The US has become the epicenter with about 125,000 cases of COVID-19 in the U.S. and over 2,100 dead as of March 29, 2020.  Most people who contract COVID-19 have mild or moderate symptoms, which can include fever and cough but also milder cases of pneumonia, sometimes requiring hospitalization. The risk of death is greater for older adults and people with other health problems. Hospitals in the most afflicted areas are straining to handle patients and some are short of critical supplies.

The US president has suggested that a target date for reopening the U.S economy, which has been battered by the coronavirus outbreak, is April 12, Easter.

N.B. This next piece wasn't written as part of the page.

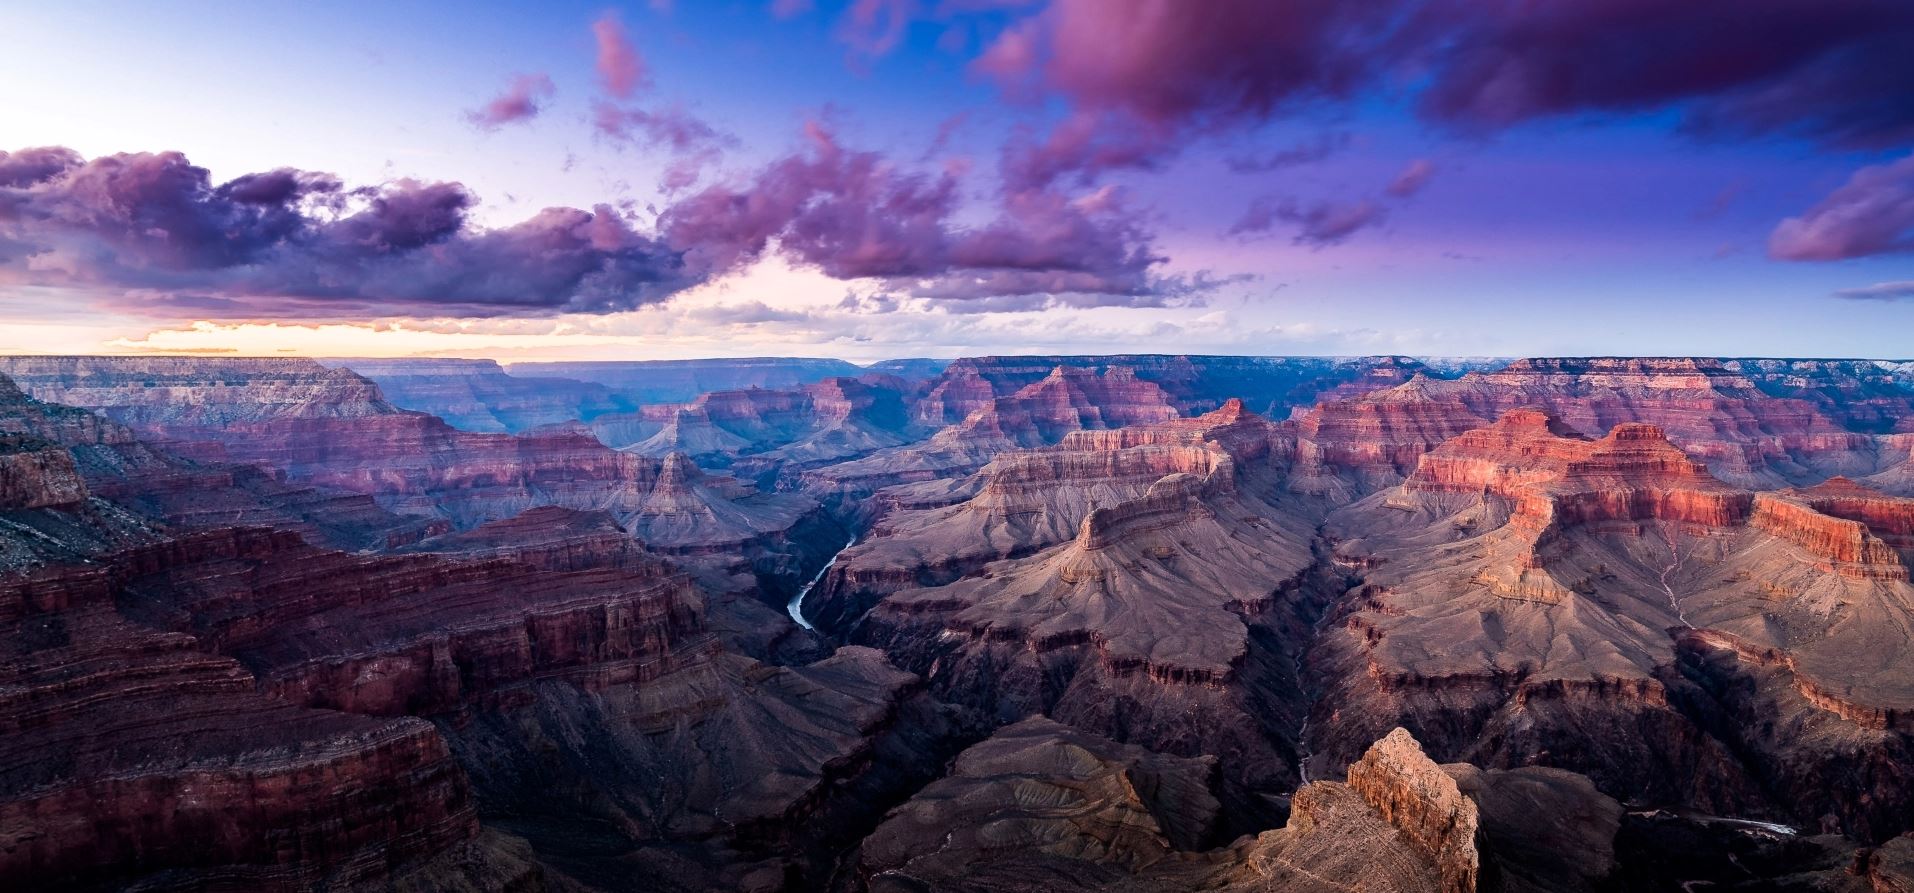 Grand Canyon National Park's natural beauty

But public health officials warn that lifting restrictions too soon could lead to more deaths and further damage the economy.  To limit the spread of the coronavirus, the Centers for Disease Control and Prevention has issued social distancing guidelines and called for gatherings of more than 10 people to be canceled, while governors have ordered residents in their states to remain in their homes and ordered nonessential businesses to close.

The CDC has issued a domestic travel advisory for New York, New Jersey and Connecticut.  “Due to extensive community transmission of COVID -19 in the area, CDC urges residents of New York, New Jersey, and Connecticut to refrain from non-essential domestic travel for 14 days effective immediately,” the CDC said in a statement. “This Domestic Travel Advisory does not apply to employees of critical infrastructure industries, including but not limited to trucking, public health professionals, financial services, and food supply.”  The CDC also noted that the governors of the three states would “have full discretion to implement this Domestic Travel Advisory.”

With more than 124,000 cases and 2,046 deaths nationwide, the three states make up more than half of the cases and nearly half of the deaths.  New York State has over 55,000 confirmed cases and over 2,000 deaths.  New Jersey has over 11,000 confirmed cases and 140 deaths.  Connecticut has over 1,200 confirmed cases and 33 deaths.  Most of the Connecticut cases are in Fairfield County where many residents commute into New York City for work.